Taxonomy feature encoding

Introduction

Features like zipcodes or industry codes (NAICS, MCC) contain information that is part of a taxomy. Although these feature values are numerical, it doesn’t necessarily make sense to use them as ordinal features; a region’s zipcode might be a higher value than another region’s zipcode, that doesn’t mean that there is valuable ranking in these values. If we encode taxonomy bearing features using One-Hot-Encoding, the number of features blows up tremendously. Moreover, we loose helpful information on the similarity of adjacent values. E.g. the MCC industry codes for ‘Commerical clothing’ (5137) and ‘Commerical footwear’ (5139) are clearly more similar than for example ‘Child Care services’ (8351). We could overcome this issue by One-Hot-Encoding at a higher level (e.g. 5xxx for ‘Stores’ and 8xxx for ‘Professional Services and Membership Organizations’) but dependent on the modelling task, we might want to have higher granularity in specific parts of the possible feature value range.

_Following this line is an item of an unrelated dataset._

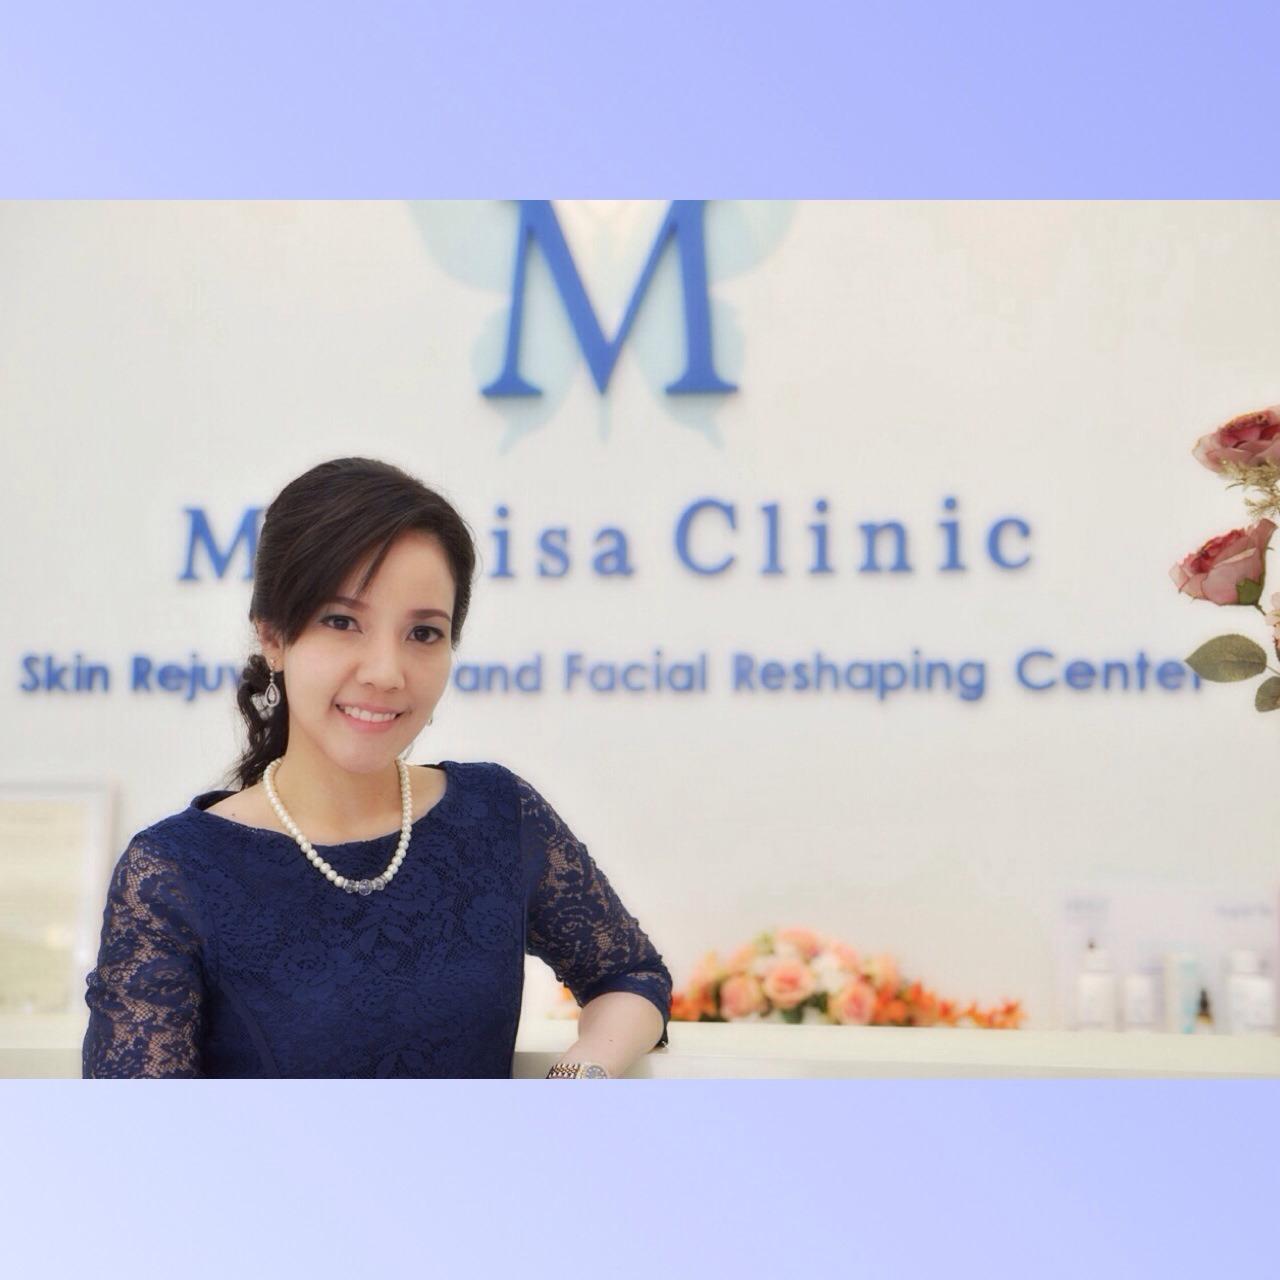 ร้อยไหมหน้าเรียว ราคาไม่แพง ที่ Mayrisa Clinic

To overcome these issues, I created the Taxonomy Encoder for scikit-learn. Before going to the implementation, let’s first have a look at a practical application; house price prediction in the Netherlands.

House price prediction

When predicting house prices, zipcode is an example of a taxonomy bearing feature where we need different granularity for encoding the feature in different regions. Figure 1 shows average house prices in the Netherlands in 2023 per zipcode (source: CBS). We know that in cities house prices in different zones differ a lot, even if the zones are only a few kilometers away. In more rural areas, these differences are often much less prevalent. To illustrate this, Figure 2 zooms in on Amsterdam (a) and the province of Limburg (b). Amsterdam is a relatively small city that has zones with house prices in the lower end and the most expensive houses in the country. The province of Limburg is a much larger area but has significantly less variation in house prices. Going back to our aim of encoding the zipcode feature; we need different granularity for cities than for the country side. The question is how to choose this granularity.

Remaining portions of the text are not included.